From the first line to the last, restate the data exactly, leaving out the images.
--- DATASET EXTRACT Enclosed Below ---
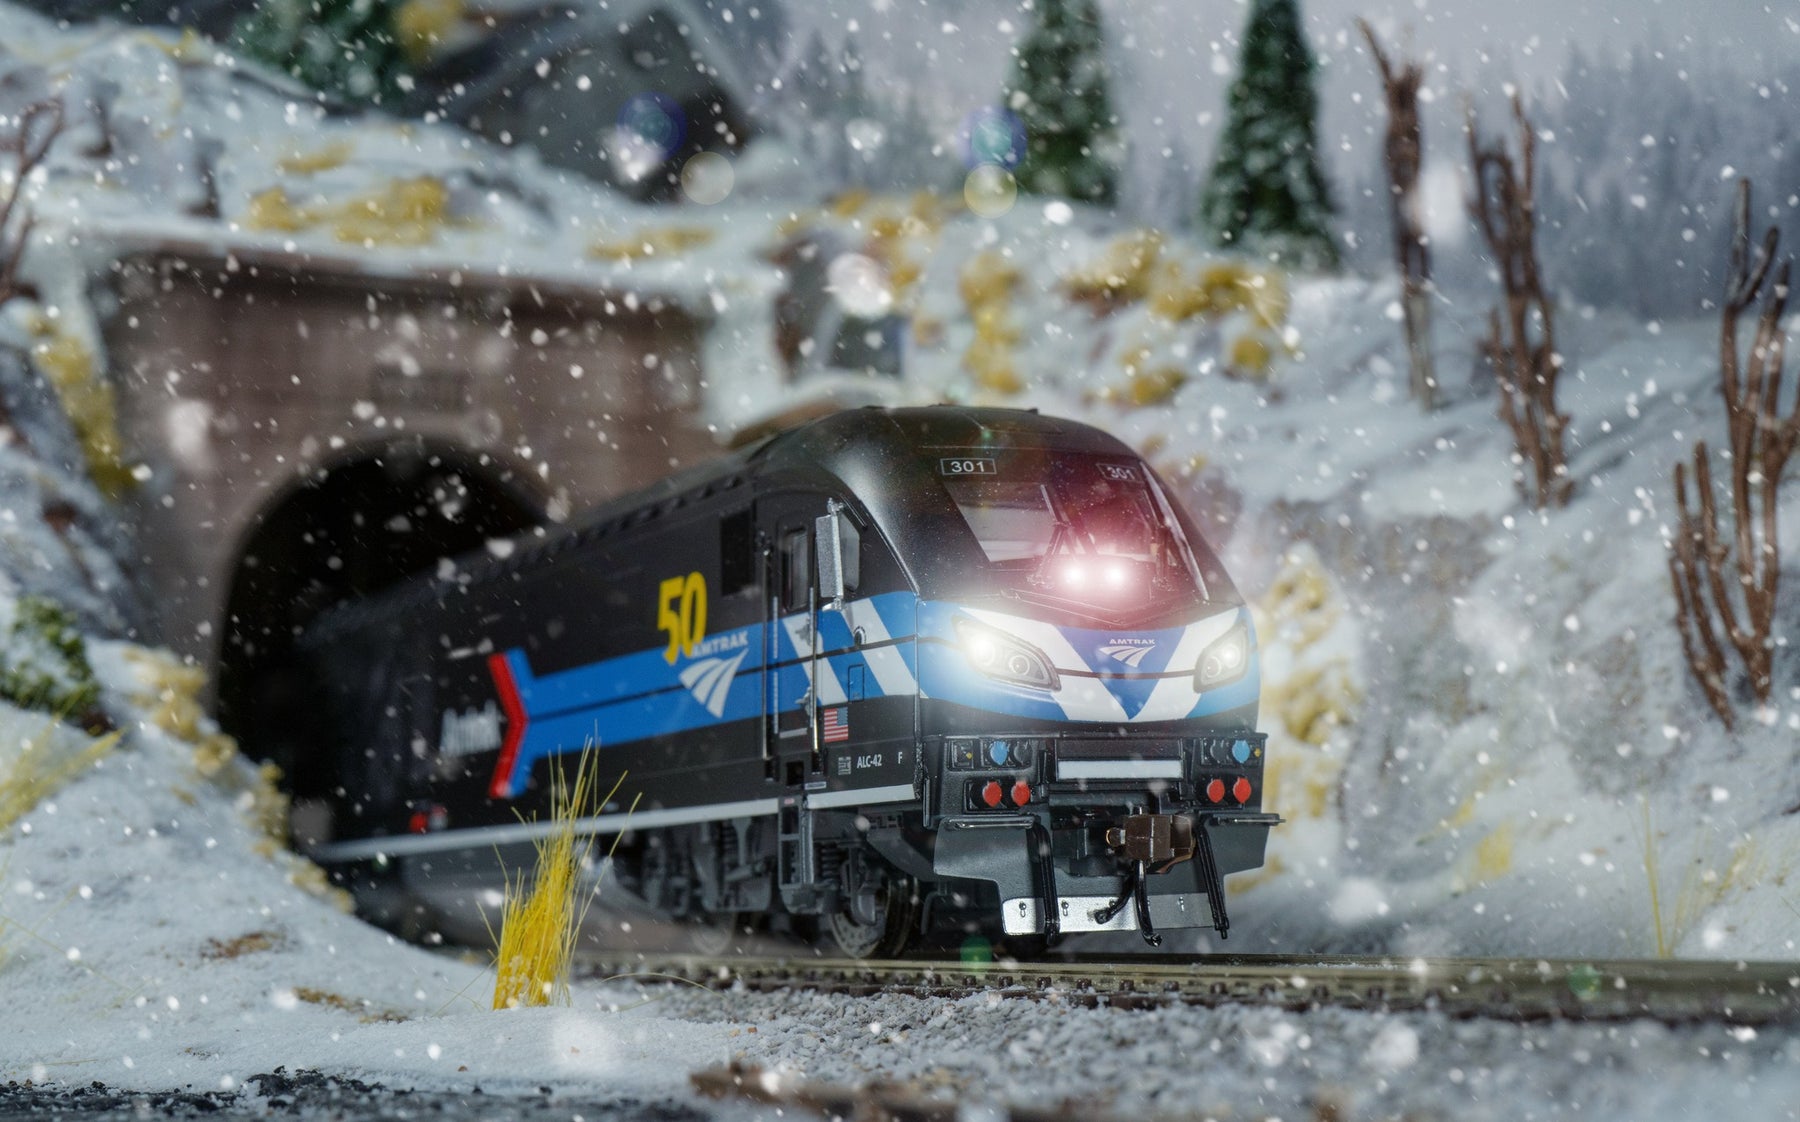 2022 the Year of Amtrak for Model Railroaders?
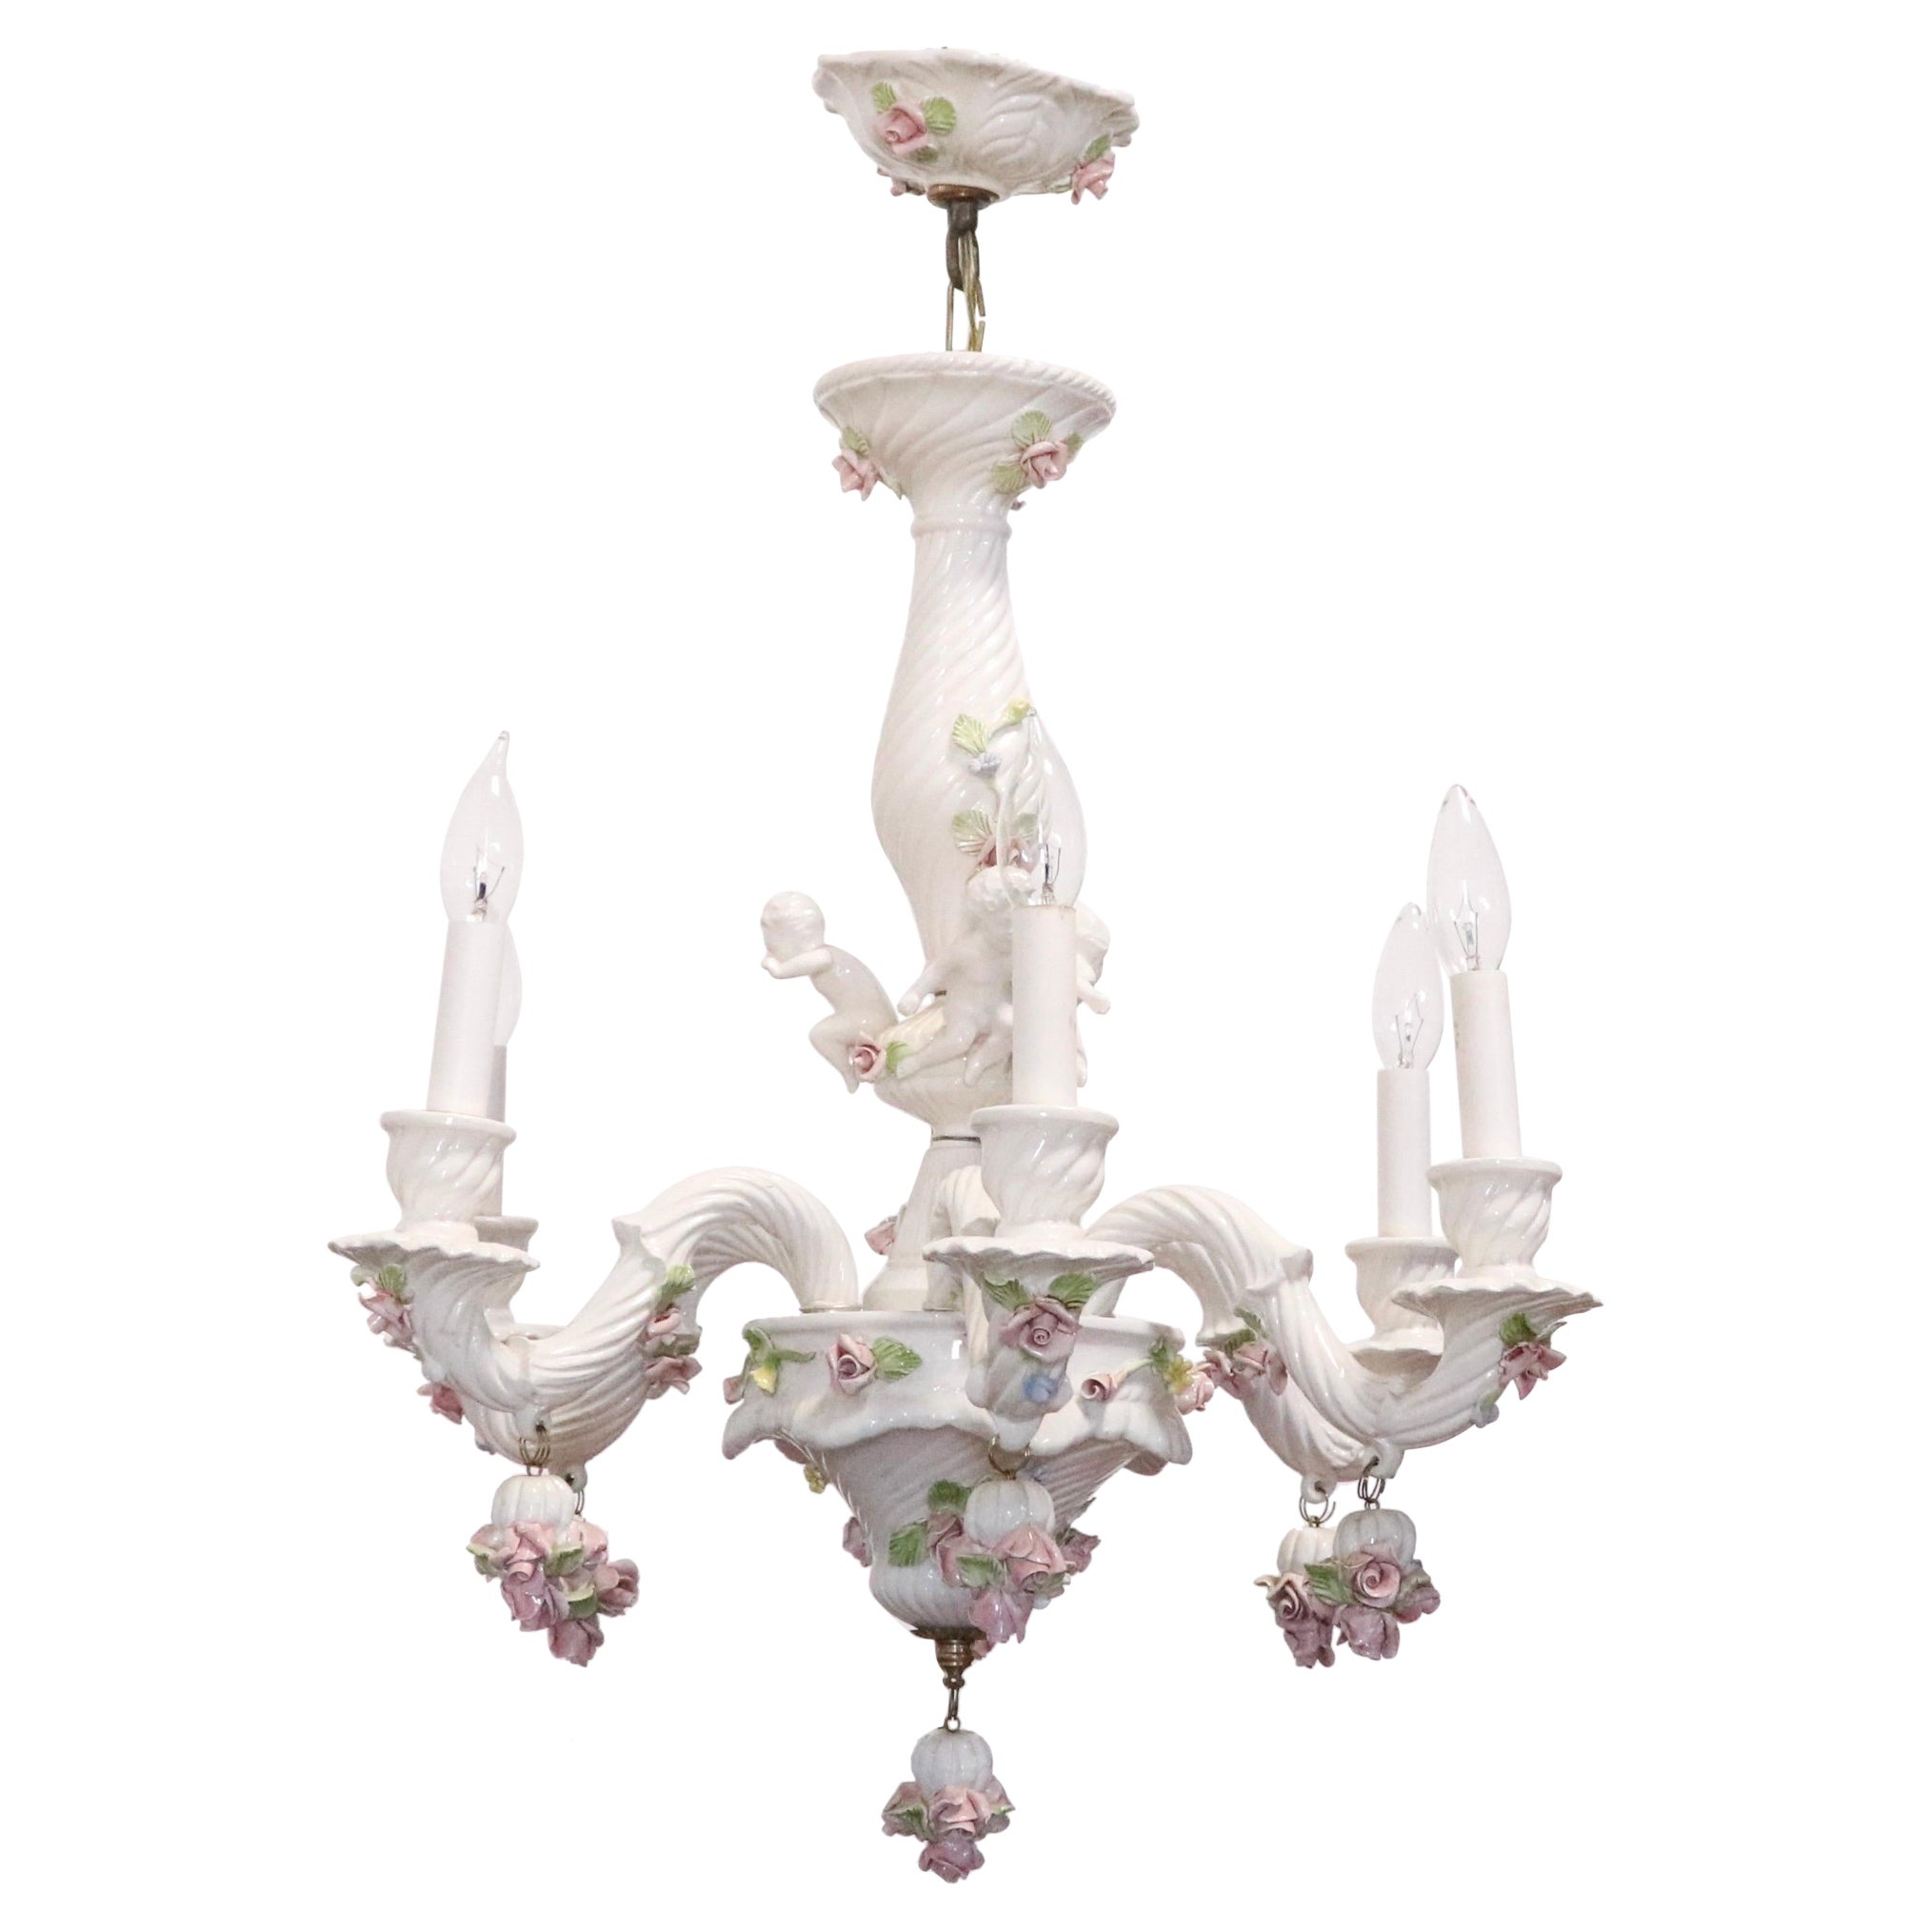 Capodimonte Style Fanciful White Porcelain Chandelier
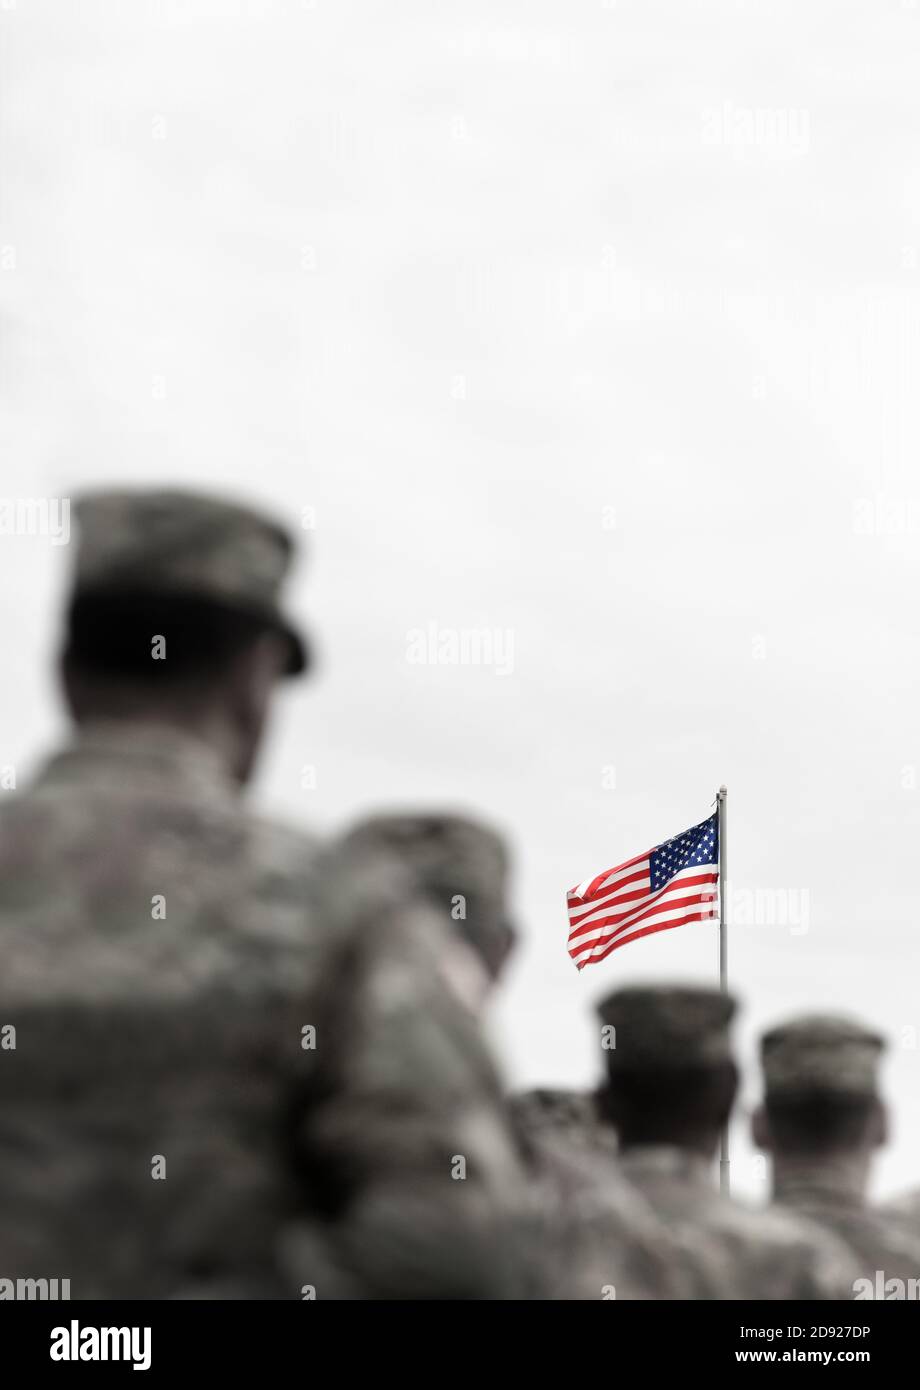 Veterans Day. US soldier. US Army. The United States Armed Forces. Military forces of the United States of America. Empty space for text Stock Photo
--- End of Enclosed DATASET EXTRACT ---
→ SOLUTION BELOW
 2022 the Year of Amtrak for Model Railroaders?
 Capodimonte Style Fanciful White Porcelain Chandelier
 Veterans Day. US soldier. US Army. The United States Armed Forces. Military forces of the United States of America. Empty space for text Stock Photo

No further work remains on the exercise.